Lindy West, weekly columnist for The Guardian, culture writer for GQ, and sometime blogger for Jezebel.com, created Shrill: Notes From A Loud Woman as a response to the current way women are navigating society. In the wake of Caitlin Moran’s phenomenal How To Be A Woman the shelves were flooded with comedy-riddled, rage-against-patriarchy, feminist manifestos, most of which were a poor imitation of the original. West’s offering could very easily have been in a similar vein. Humorous and stark in its opinions, Shrill is unapologetically feminist, yet feminism isn’t the whole concern, and is often set aside to deal with the nuances of other issues. Where it is considered, it is most often fat feminism, a very specific subset of a much broader topic, that is Lindy’s subject of choice.
Fat Feminism and Other Monsters…
There’s a culture that demands women be quiet and small, the asks them to diminish themselves so they are more in line with the acceptable social ‘norms’ of their gender. I was immediately drawn to Lindy’s book for several reasons. On a professional level I study gender and feminism and I was interested in her perspective. On a personal level I have always been one of the smartest, of not the smartest, kid in the room. I was always told to be quiet, not to raise my hand, people won’t like you if you’re smart, you don’t get boys being smart…
At the age of thirty-one I feel compelled to point out that this is something that still haunts me today. I made myself small, and quiet, and didn’t speak. I made myself seem less intelligent than I was so that I might be accepted. Of course it didn’t work, kids aren’t stupid. Not being academically inclined doesn’t make people unobservant, insensitive to the nature of others, or – to put it bluntly – dumb. Kids know when you’re smart, even if you pretend not to be. So I got my arse kicked regardless and spent a good twenty years pretending to be something I’m not and all the while feeling ashamed of it.
And that’s before we’ve got to the whole ‘fat-shaming’ thing, which has been another constant in my life and gave me an eating disorder.

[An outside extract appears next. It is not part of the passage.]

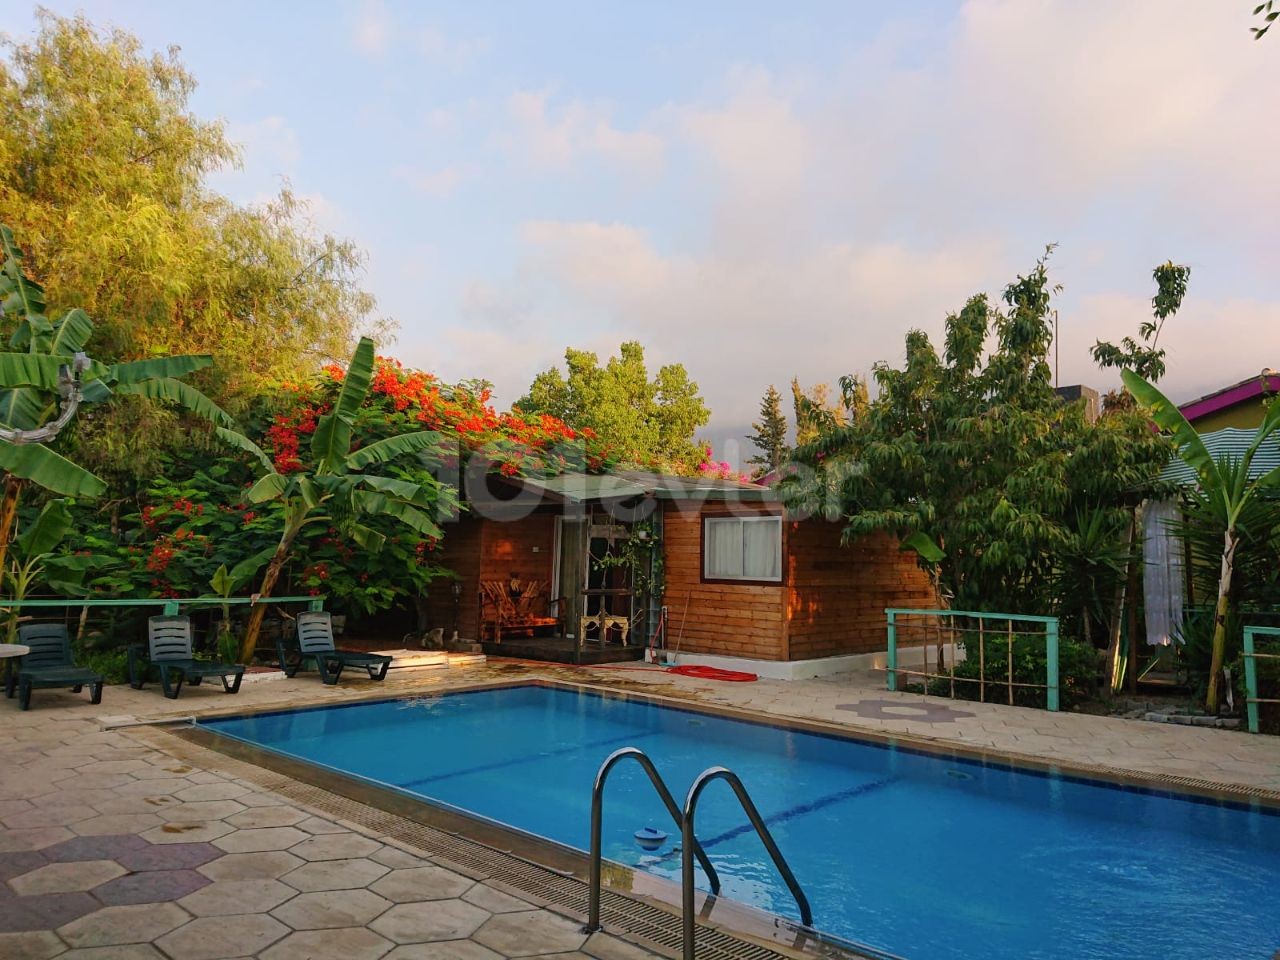 Villa in Girne Yeşiltepe 1,5 Hektar Garten. Gleichwertige Eigentumsurkunde. Großer großer Garten und Pool.

So when Lindy West released her book, I was first in line to read in.
There is a comedic value to the book, despite it covering some dark and sensitive topics. West isn’t afraid to touch on abortion, feminism, fat-shaming, and much, much more. She’s funny, gusty, all the while making it very clear that these aren’t unfounded, made-up opinions she’s expressing. She’s smart and sophisticated in the way she writes and presents her facts.
With intimate insights and well-articulated points, this is a book that can and should be read by all. Whether you agree with her positions and view points is entirely up to you, but it’s one of those times when you need to be aware such views and opinions exist, even if you disagree with them. It’s a book for the women who feel they need to fit into society and the men who feel like women are from another planet.